Age and Gender of Patients with Pediatric Pilonidal Disease

People with coarse hair around the buttocks are more likely to have trouble with pilonidal sinuses than people with fine hair or no hair in the area. Hair usually becomes coarser and more prolific after the onset of puberty.

Therefore, pediatric patients with pilonidal disease are typically between the ages of 12 and 19. The average age of adolescent patients seeking treatment is 15 years old.

Studies are unclear about whether this condition is more common in boys or girls. In the general population, men are more likely than women to have pilonidal cysts.

However, some studies suggest that pilonidal cysts in children occur evenly among boys and girls. In fact, in one study, the rate of incidence was 4.5 times higher in girls; however, the study sample was extremely small.

Other Risk Factors for Pilonidal Cysts in Teens

In adults, being overweight or obese is considered a risk factor for pilonidal disease. Having a sedentary lifestyle is also thought to put someone at a greater risk of developing this issue. However, these factors don't seem to be as significant when it comes to teens.

According to research, neither a teenager's body mass index nor how much sitting he or she does affects the risk of developing a pilonidal cyst. A teen's race doesn't influence the development of pilonidal disease either.

Instead, one of the most important factors in the development of adolescent pilonidal disease is how often a teen bathes. Researchers found that teens who didn't bathe as frequently were more likely to end up with a pilonidal sinus than those who bathed regularly.

However, it seems that the greatest risk factor for whether a teen gets a pilonidal cyst has to do with heredity. If a parent has previously dealt with pilonidal disease, a teen is much more likely to develop the condition than his or her peers.

Treatment Recommendations for Teenagers with Pilonidal Sinus

Not every teen will need surgery to treat a pilonidal cyst.

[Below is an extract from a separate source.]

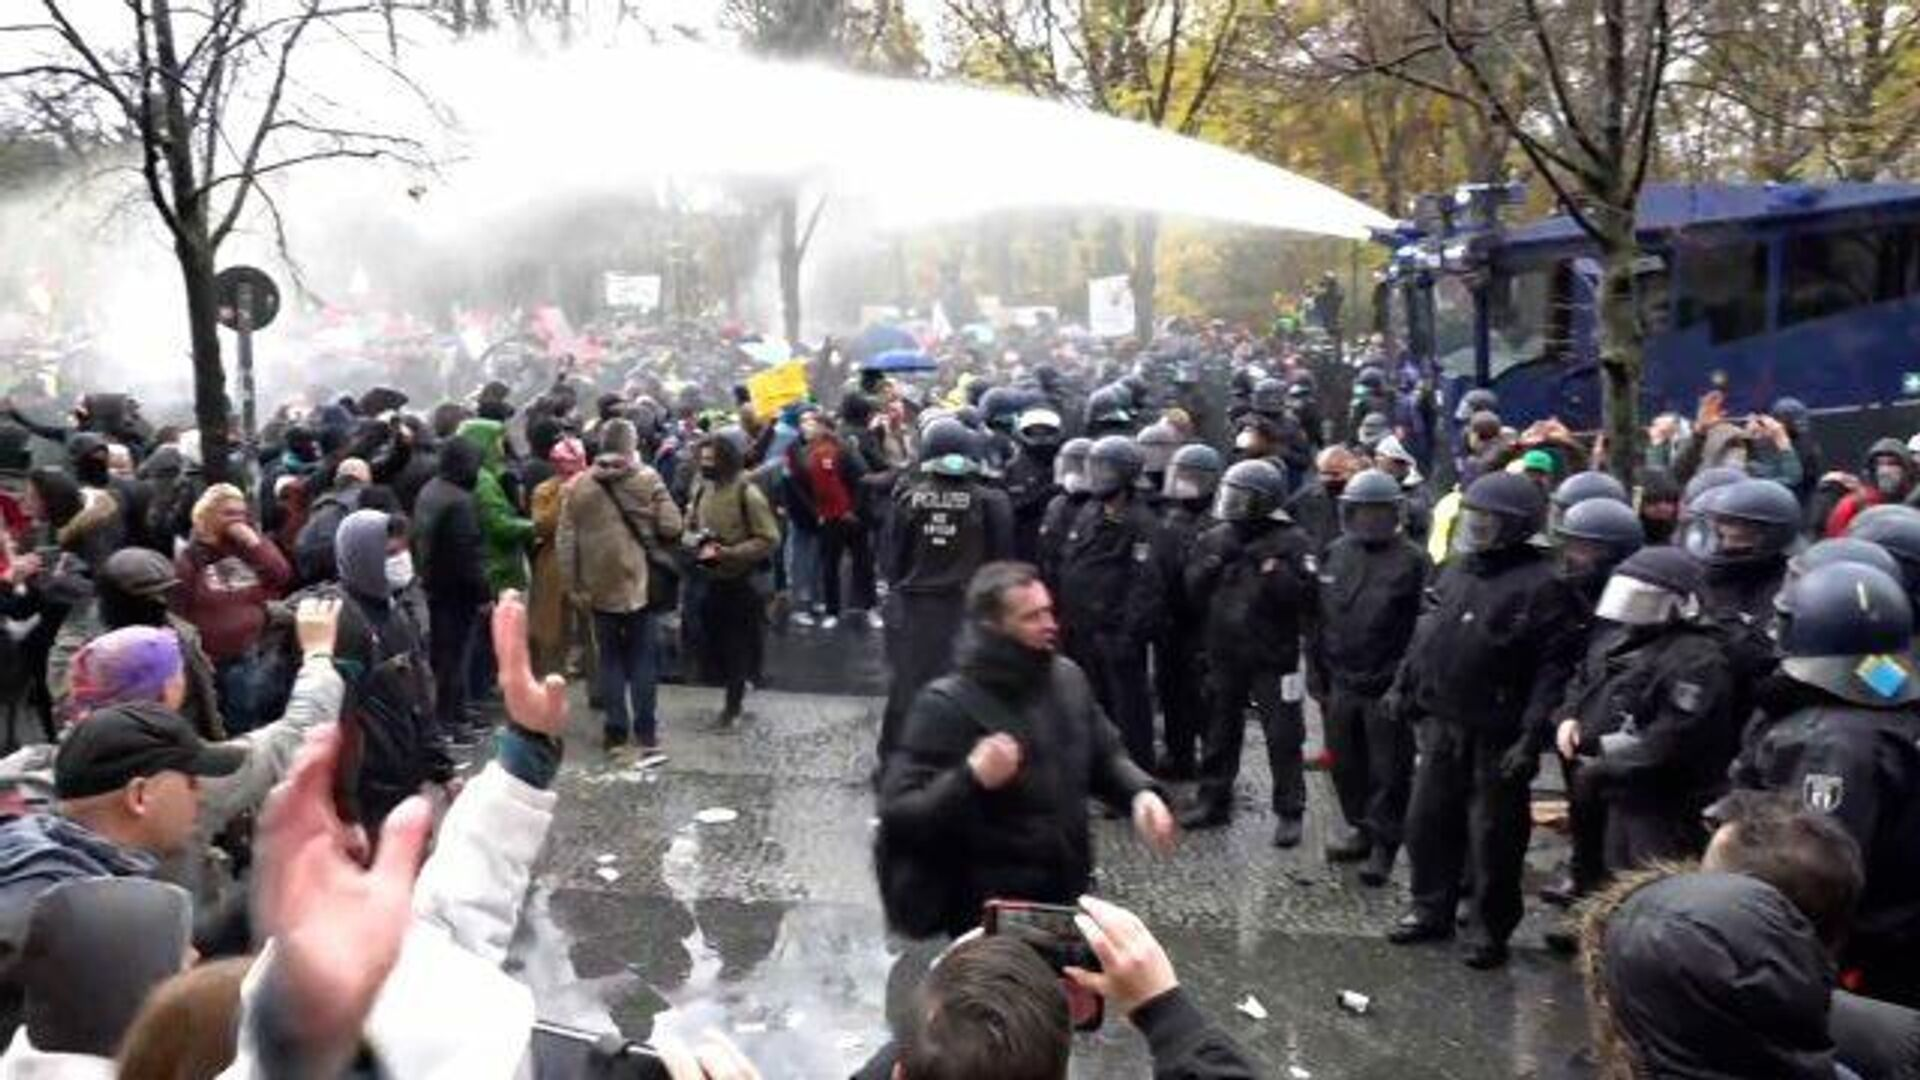 Немецкая полиция пустила в ход водометы на митинге против локдауна у бундестага - РИА Новости, 1920, 18.11.2020

If the sinus is not infected, it's usually sufficient to monitor the situation and hold off on treatment until an infection does arise. Some doctors may go ahead and clear any buildup out of the cavity.

Sometimes, a first-time infection will respond to a course of antibiotics. If those don't remedy the situation, the next line of defense is usually to drain the cavity, which should remove not only debris but also bacteria and pus.

However, recurrent pilonidal infections are usually a cause for surgical intervention. The traditional methods of surgically treating a pilonidal sinus typically involve cutting the affected tissue out of the body. The surgical wound may be left open to heal, or it may be closed.

Unfortunately, although excision can be an effective way to deal with a sinus, this procedure requires a long recovery period. The average healing time for an adolescent after such a surgery is 39 days. In cases where the wound is left open and packed, the recovery can take as long as 75 days.

An alternative option is to perform a laser procedure intended to close the sinus tract. After the doctor cleans out the sinus, he or she uses the energy of the laser to collapse the tract. This seals the tissue shut. Laser surgery can involve a significantly shorter recovery time than traditional surgeries.

After surgically treating a pilonidal sinus, you can take steps to reduce the likelihood of its return. Keeping the area clean can help. Studies have demonstrated the effectiveness of using laser hair removal on teens to keep recurrences at bay.

Pilonidal disease isn't uncommon among adolescents, but no one wants to deal with it longer than necessary. That's why minimally invasive treatments, such as laser surgery, can be the best approach to healing pilonidal cysts in teenagers. With the right treatment, teens will be able to put this uncomfortable condition behind them.